1. The complaint is founded upon subdivision four of section one of the employers’ liability act (Acts 1893, p. 294, §8017 Burns 1908). The injury is averred to have been caused by the negligence of a person in the service of appellee who had charge of a locomotive engine upon its railway. The facts disclosed by the answers in the record on this appeal are substantially set forth in the opinion of the court on the former appeal, and the law as then declared [158]*158upon all questions decided is the law of the case throughout all subsequent stages (Rosenthal v. Rambo [1905], 165 Ind. 584, 3 L. R. A. (N. S.) 678; James v. Lake Erie, etc., R. Co. [1897], 148 Ind. 615; Halstead v. Sigler [1905], 35 Ind. App. 419), “but the decision on the former appeal is the law of the case only in so far as the facts remain the same.

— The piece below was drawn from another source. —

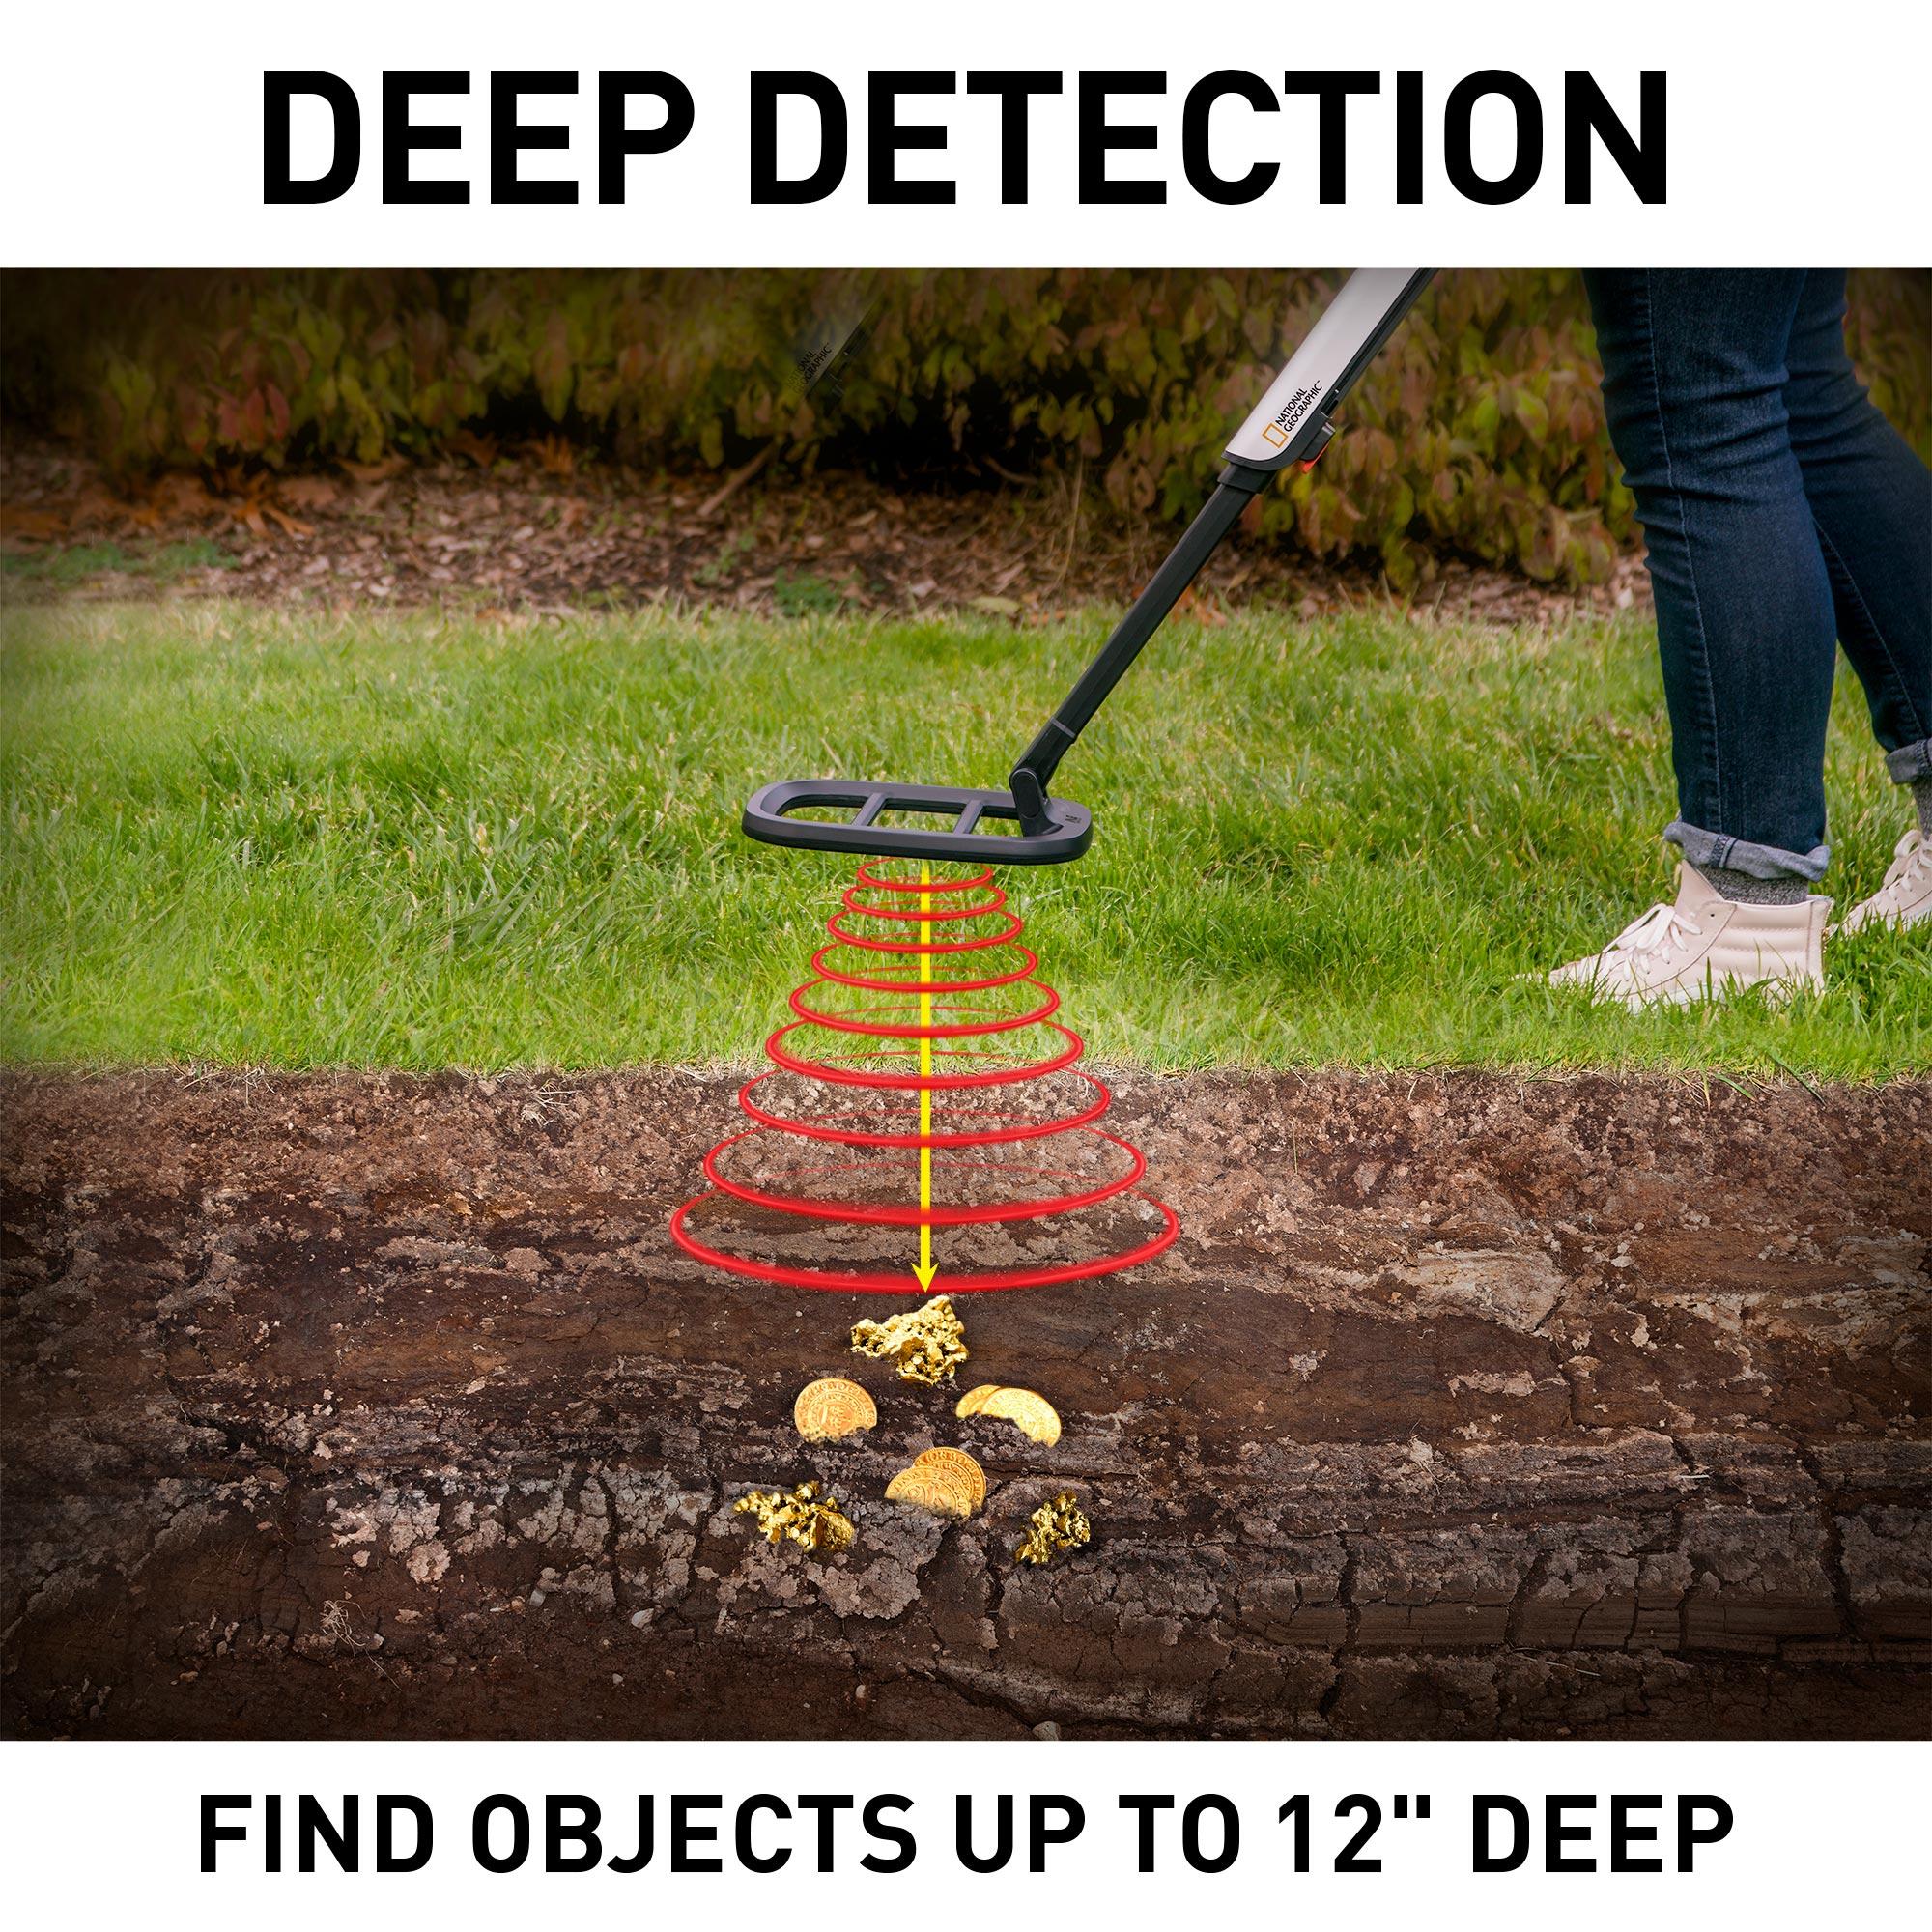 NGProdetector_06_Detection.jpg
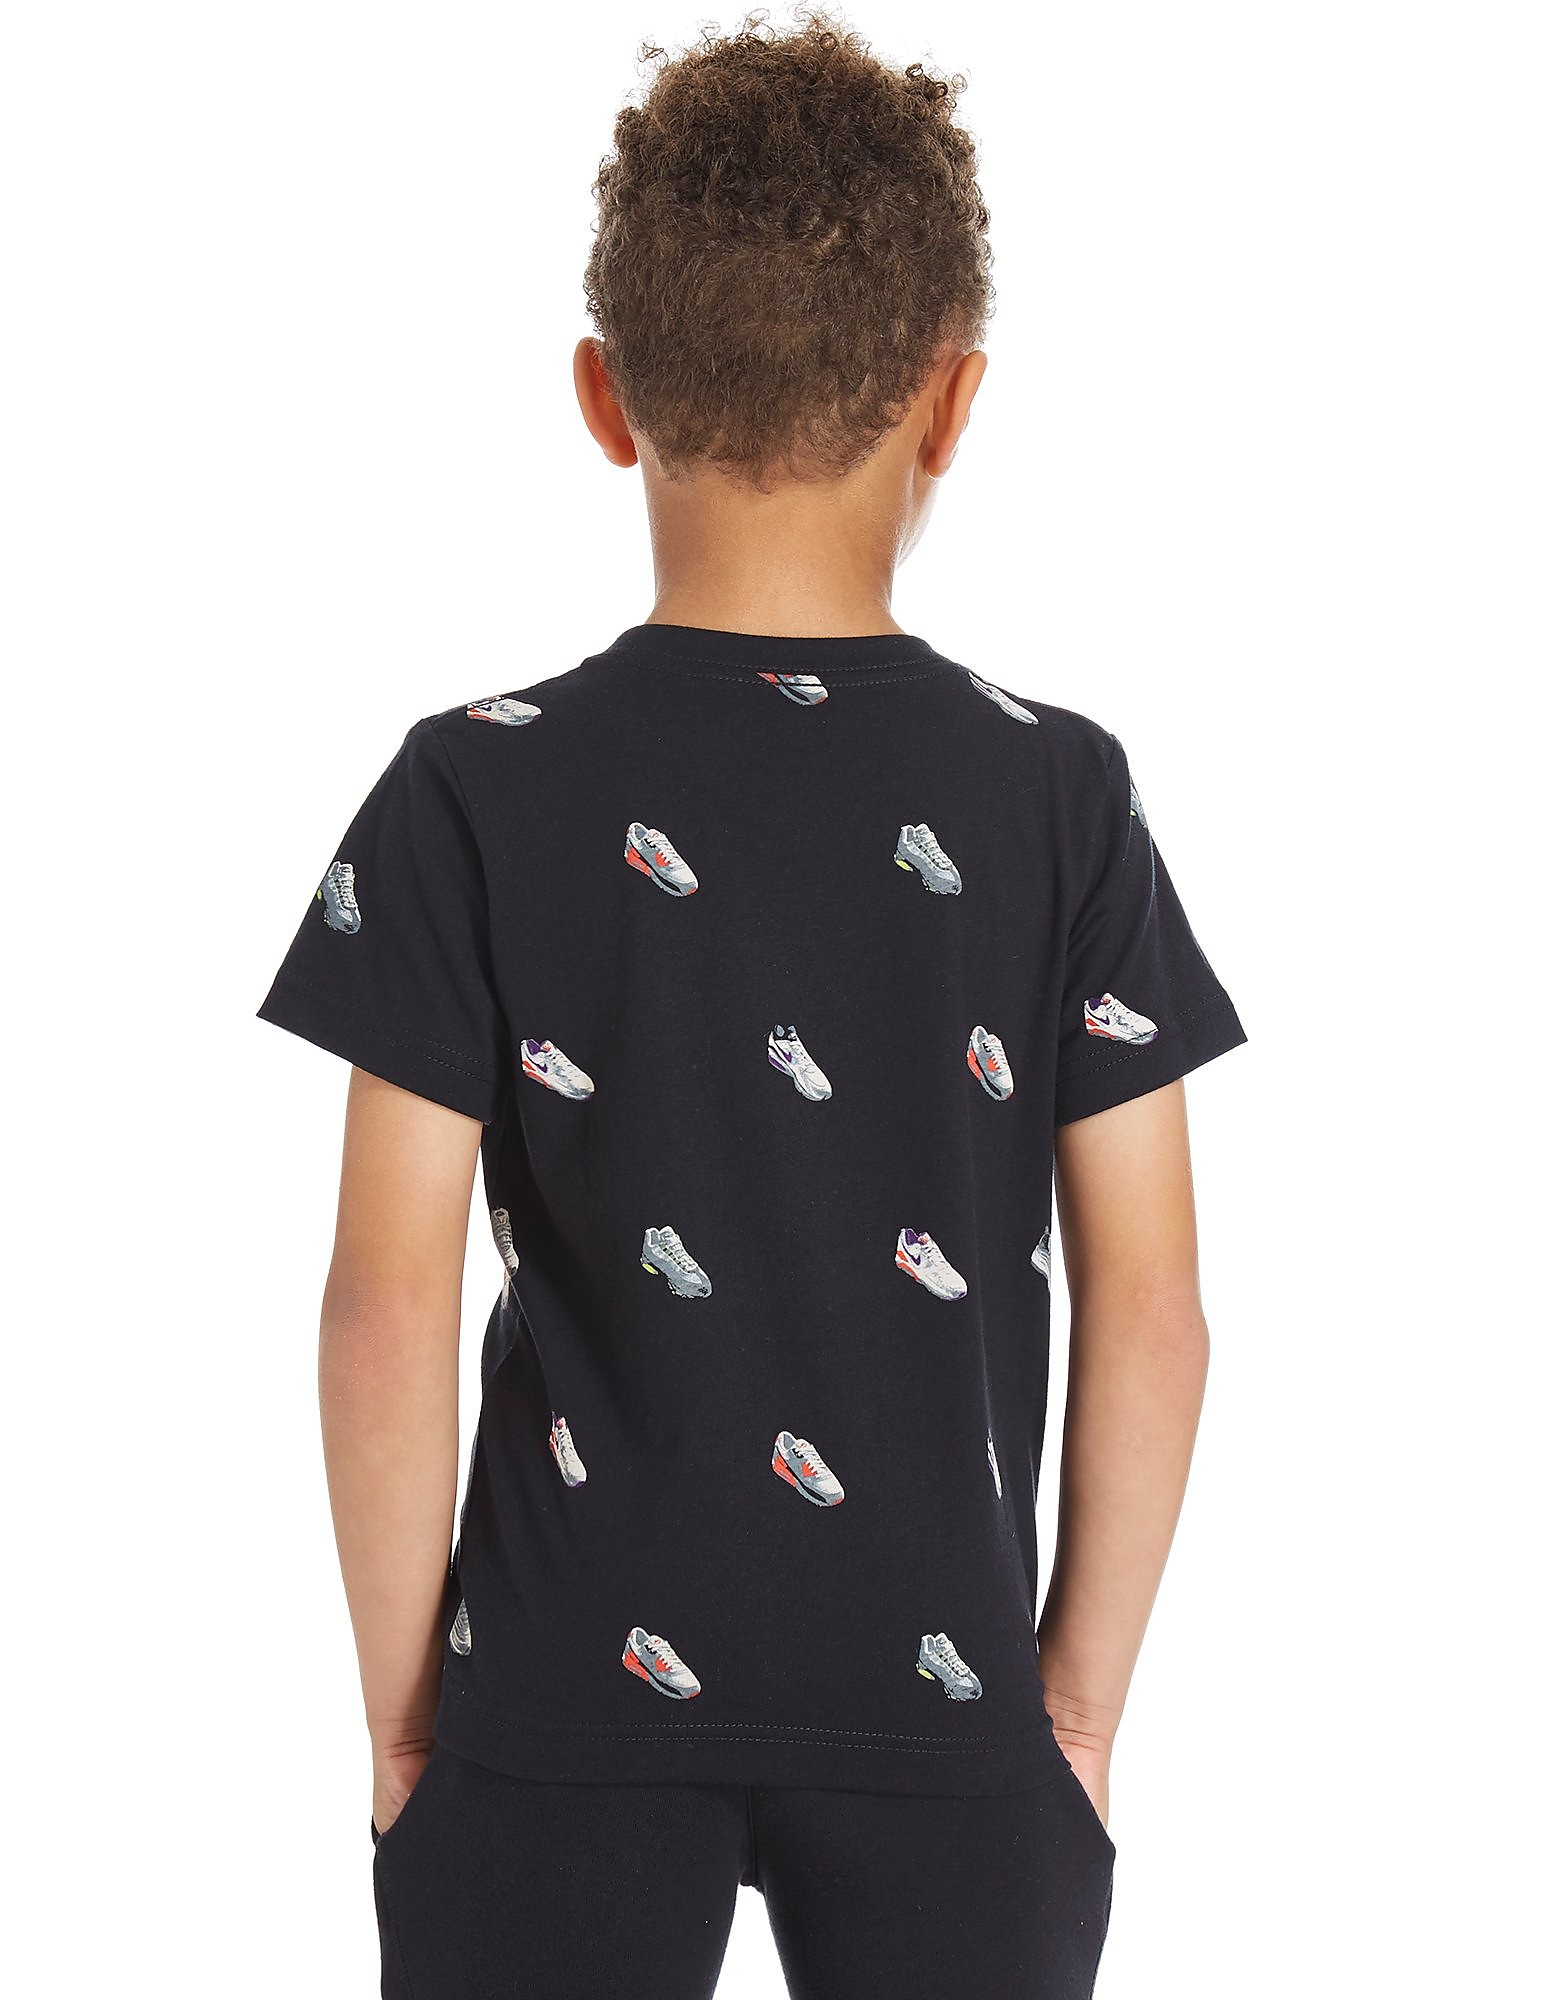 Nike T-Shirt Enfant Air Shoe Print

2. Eckert v. Binkley [1893], 134 Ind. 614; State, ex rel., v. Christian [1897], 18 Ind. App. 11.” Midland Steel Co. v. Citizens Nat. Bank (1904), 34 Ind. App. 107), and the court may look to the record on a former appeal for the purpose of determining to what extent the rule applies. Westfall v. Wait (1905), 165 Ind. 353.

The record on the former appeal shows that the reply was in three paragraphs. The first was a general denial; the second alleged that there was no consideration for the settlement and release mentioned in the second paragraph of answer ; and the third was addressed to that part of the second paragraph of answer which alleged a settlement and release of her claim, as administratrix, against this appellee, for the reason that there was no consideration of any nature for such release and settlement of her said claim as such administratrix.

The first paragraph of reply now before us is addressed to the second and third paragraphs of answer, and seeks to avoid the release mentioned in the answers, upon the grounds that it was procured from appellant by appellee through fraud and misrepresentations; that no part of said $750 was received by appellant, but was received by Flora J. Gipe as her individual property and so used, and that the release by her as administratrix, under the facts, made appellee liable as a party to a devastavit.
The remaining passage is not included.